【カイロ時事】米イスラエルとイランの軍事衝突の戦火が中東の広範囲に拡大する中、イエメンの親イラン武装組織フーシ派は参戦の構えを見せつつも、事態を静観している。識者からは交戦長期化に備えて兵力を温存しているとの見方が出ており、参戦すれば、ペルシャ湾のホルムズ海峡に続いて紅海も封鎖状態に陥る恐れがある。
◇過去に船舶攻撃
フーシ派指導者のアブデルマリク・フーシ氏は5日、テレビ演説で「指は引き金にある」と述べて臨戦態勢にあることを強調。米国やイスラエルのみならず、米軍を支援しているとして湾岸諸国に対する敵意もあらわにした。ただ、これまでのところ、イラン情勢に連動したフーシ派の軍事行動は確認できていない。

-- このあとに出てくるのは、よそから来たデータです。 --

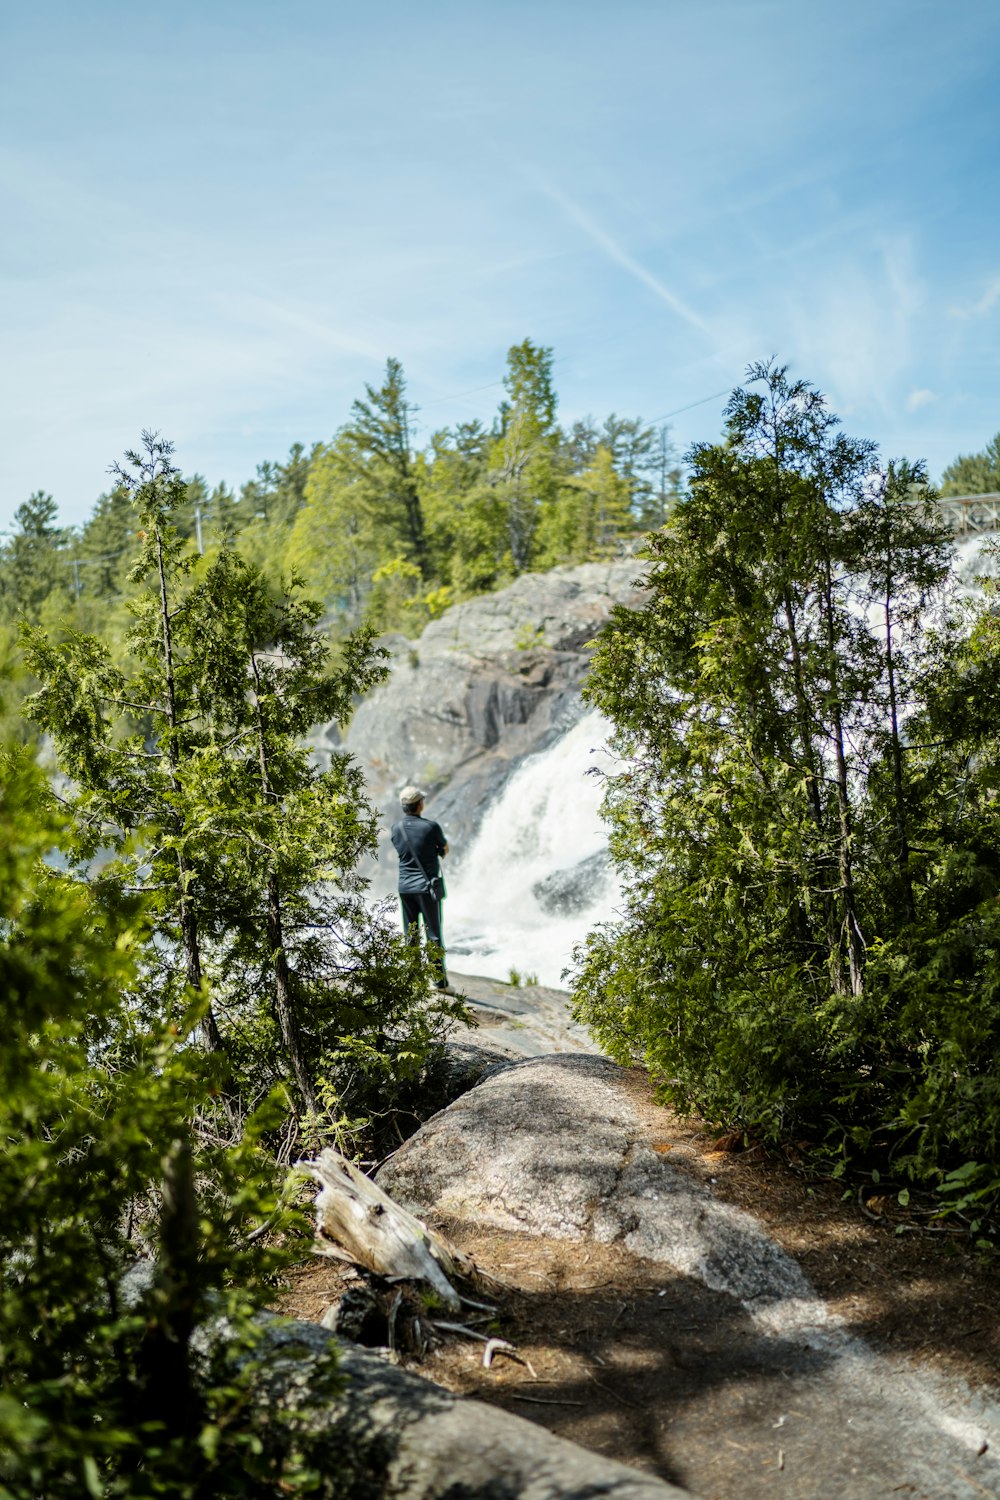 a person standing on a rock near a waterfall

フーシ派は2010年代、イエメン情勢の混乱に乗じて勢力を拡大した武装組織。15年に首都サヌアを制圧し、主要港湾都市のホデイダなど北西部で実権を握る。イランはこれまで、フーシ派を主に軍事面で支援してきた。
イスラエルが23年10月、パレスチナ自治区ガザでイスラム組織ハマスの掃討を目的に大規模軍事作戦を開始すると、フーシ派はイスラエルへのミサイル・無人機攻撃を実施。紅海とアラビア海のアデン湾を結ぶ要衝バベルマンデブ海峡の一帯などで船舶を攻撃した。
◇スエズ運河機能不全も
フーシ派を巡っては、後ろ盾であるイランの弱体化が進めば自らの権力基盤も揺らぎかねず、参戦は「時間の問題」との見方が強い。現時点で、行動を起こしていない理由について、イエメンの政治評論家サダム・ヘレイビ氏は中東の衛星テレビ局アルジャジーラに「(イランは)一度にすべてのカードを切るつもりはなく、(長期戦に備え)フーシ派を残している」と分析する。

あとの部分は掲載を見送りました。